Latency changes of SSEPs following dural tear A Representative traces of SSEPs from each group, a pre-surgery group, the double arrow line shows the measuring method for the latency; be SSEPs waveform of 1-week post-surgery time from sham group (b), unrepaired group (c), superficial fascia repair group (d) and deep fascia repair group (e). B Quantitative analysis of the latency between pre-surgery and certain post-surgery time point in each group. Significant elongation of latency compared with pre-injury was only found in unrepaired group 1-week post-injury. *P < 0.05, n = 3 per group. C The MBP IHC staining of the spinal cord in each group 1 week after dural tear. The outlined area in unrepaired group showed a significant MBP signal lacking area. D The mean gray values for MBP positive signals 1 week after surgery were quantified and the unrepaired group showed significantly lower level. *P < 0.05, n = 3 per group. Scale bar 100 μm (C)

Discussion

When the spinal cord is damaged, it undergoes a variety of inflammatory and/or immune responses including the gliosis, infiltration of leukocytes into the injured area, and increased concentration of inflammatory factors [2527]. In our study, we reported that dural tear could also lead to these pathological changes in the parenchyma of the spinal cord at the early stage of injury. Three days after injury in response to dural tear, the resident microglial cells of the spinal cord were significantly activated and some became macrophage-like cells. Concomitantly, inflammatory factors, IL-1β and iNOS, were increased significantly, especially IL-1β mainly produced by cells with microglial morphology. In contrast, the astrocytes were not significantly activated. Therefore, 3 days after dural tear, the inflammatory reactions in the spinal cord may be caused by mechanical stimuli from dural tear and CSF leakage. And these inflammatory reactions were dominated by activated microglial cells acting as the first form of active immune defense in the CNS. One week after injury, besides microglial cells activation, significantly activated astrocytes and robust infiltrated immunocells were found in the spinal cord near the dural defect site. Meanwhile, the expression levels of inflammatory factors became higher than those in 3 days after injury or persisted at a relatively high level. Thus, 1 week after dural tear, absence of the barrier of dura mater allowed inflammatory reactions in the epidural space to spread into the spinal cord parenchyma and resulted in more severe neuroinflammation. It is well known that inflammation can directly attack the myelin sheath or damage the oligodendrocytes that produce and maintain myelin sheath, resulting in myelin injury and slow nerve impulses conduction [28, 29]. In the present study, myelin sheath injury was found in the dural tear rat model, and functional elongation of SSEPs latency was also provided as the proof. These indicate that neuroinflammatory reactions caused by dural tear could impair the myelin sheath, and then affect conduction of the spinal cord. However, superficial/deep fascia repair could prevent the occurrence of this consequence.

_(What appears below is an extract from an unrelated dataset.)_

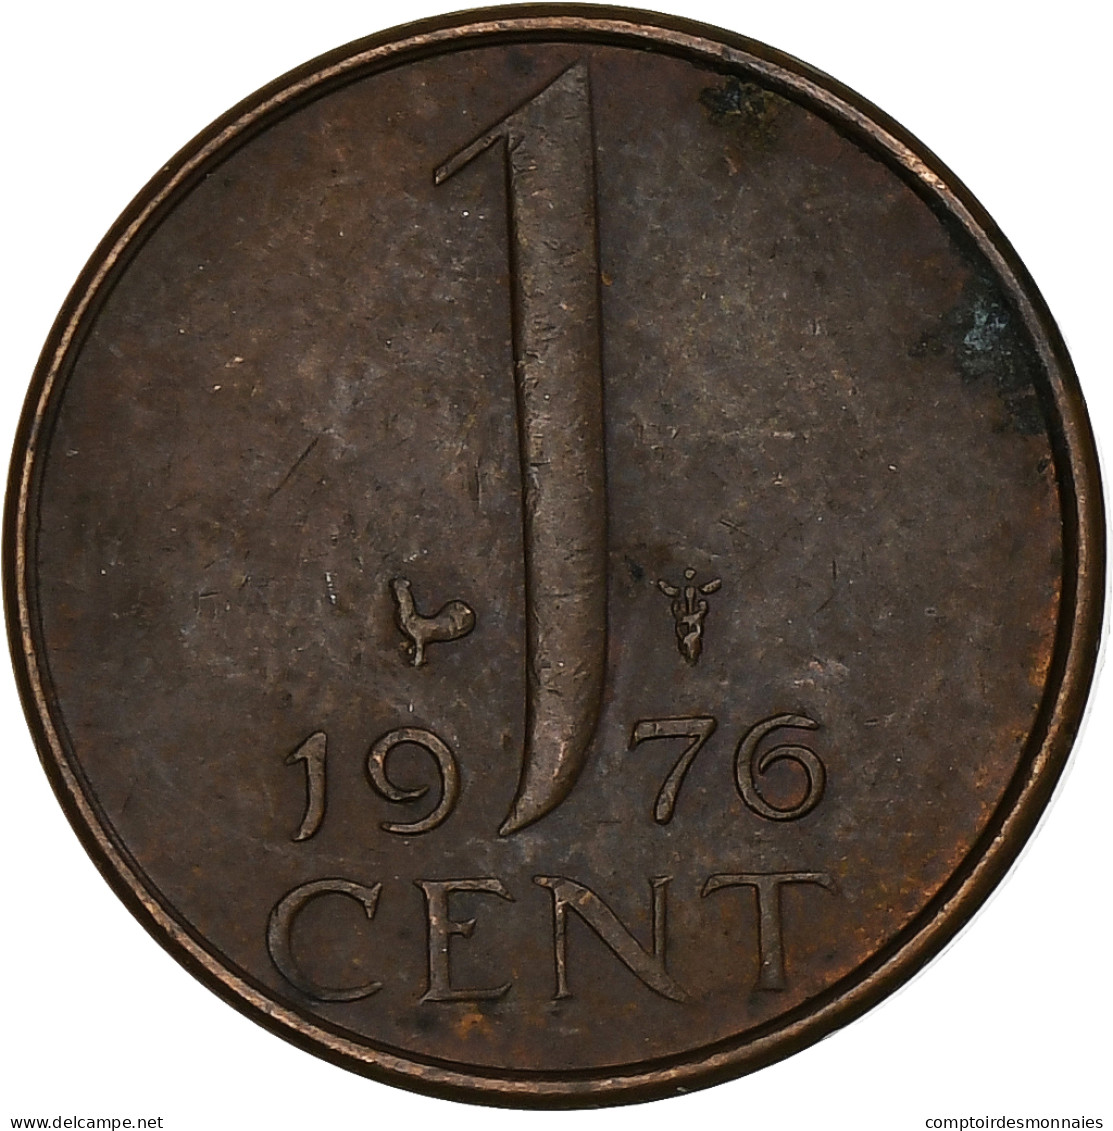 Pays-Bas, Cent, 1976 - 1948-1980 : Juliana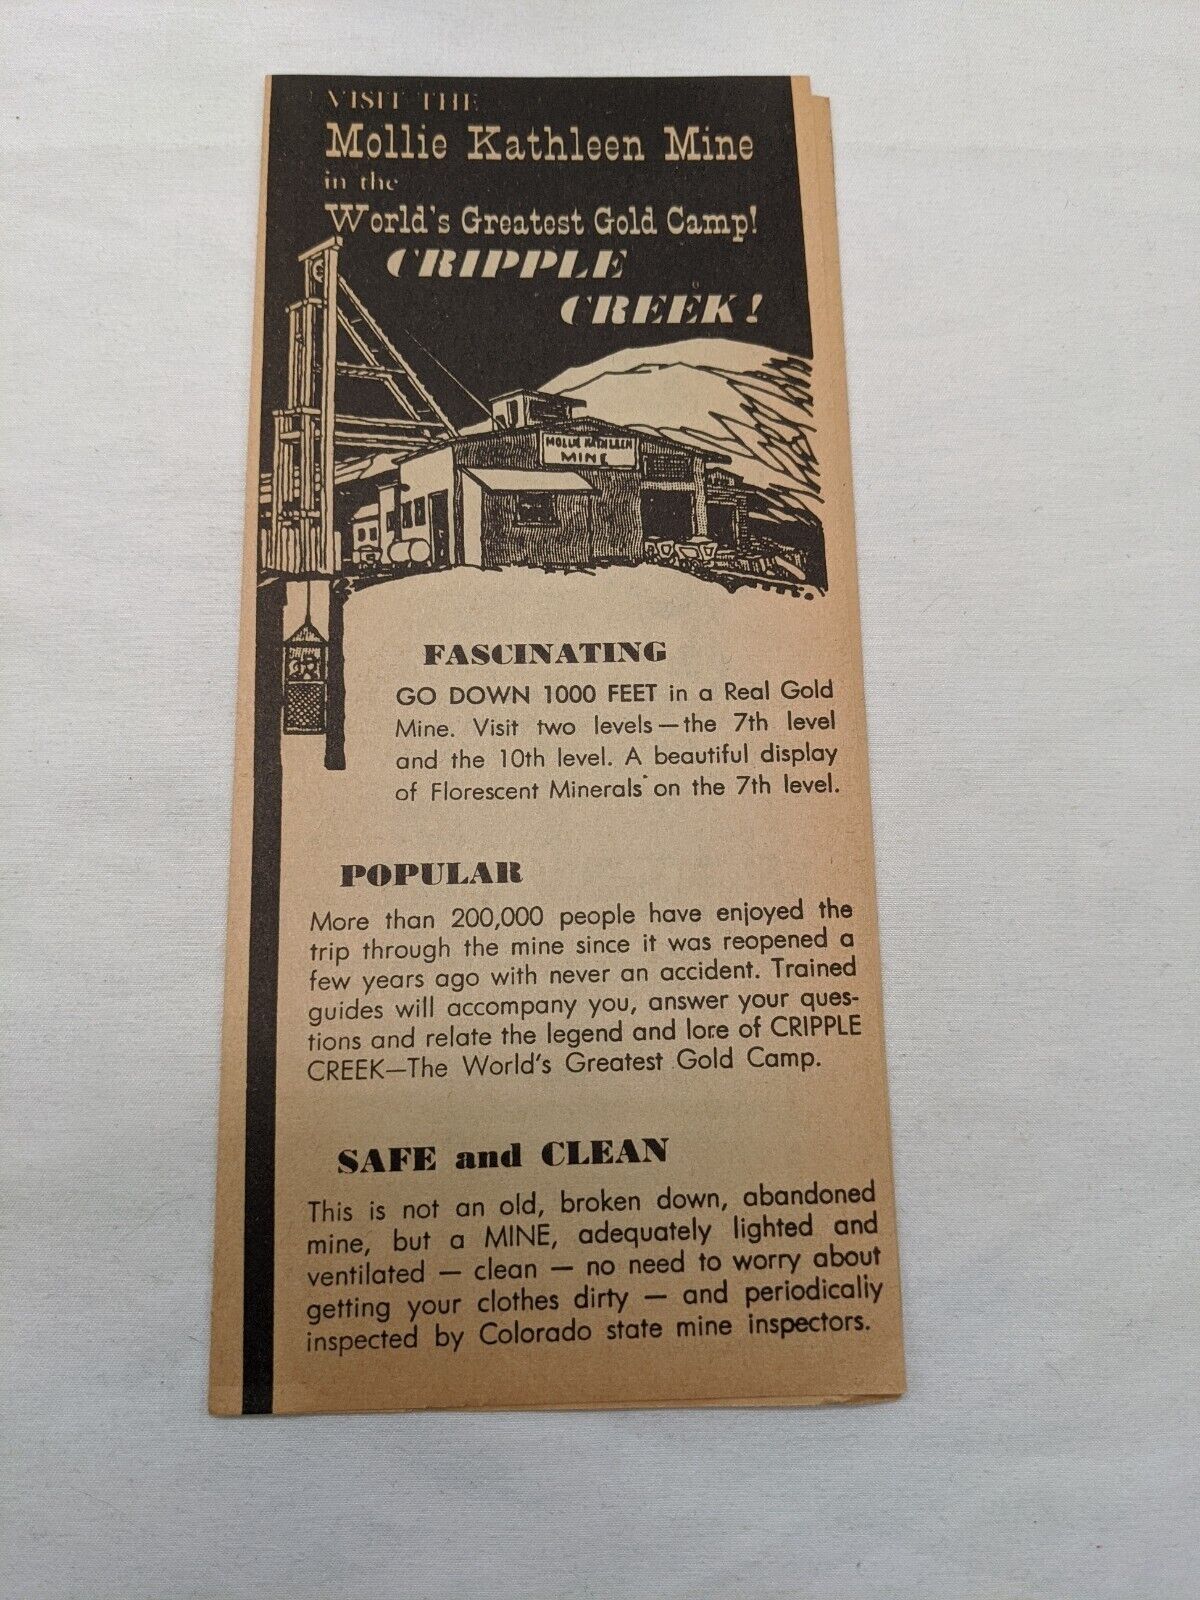 Mollie Kathleen Mine Cripple Creek Colorado 1966 Travel Brochure

Autologous fascia does not transmit disease nor has the problems of tissue incompatibility and immunological rejection, and they are also costless, so they are popular substitutes for repairing dural tear. Our results indicate that repairing with autologous fascia can pad the epidural space and patch the dura defect site to prevent the CSF leakage, which may improve the pro-inflammatory environment and reduce the inflammatory reactions around the spinal cord. Furthermore, autologous fascia as the barrier between the spinal cord parenchyma and the surrounding tissues can alleviate gliosis of microglial cells/astrocytes caused by mechanical stimuli or inflammatory factors expression, and prevent the infiltration of exogenesis inflammatory cells so as to maintain the normal spinal sensory conduction function. In our study, neither the superficial fascia nor the deep fascia had priority over each other. Therefore, it is up to the clinical surgeons’ experience to decide which one to use for dural repair.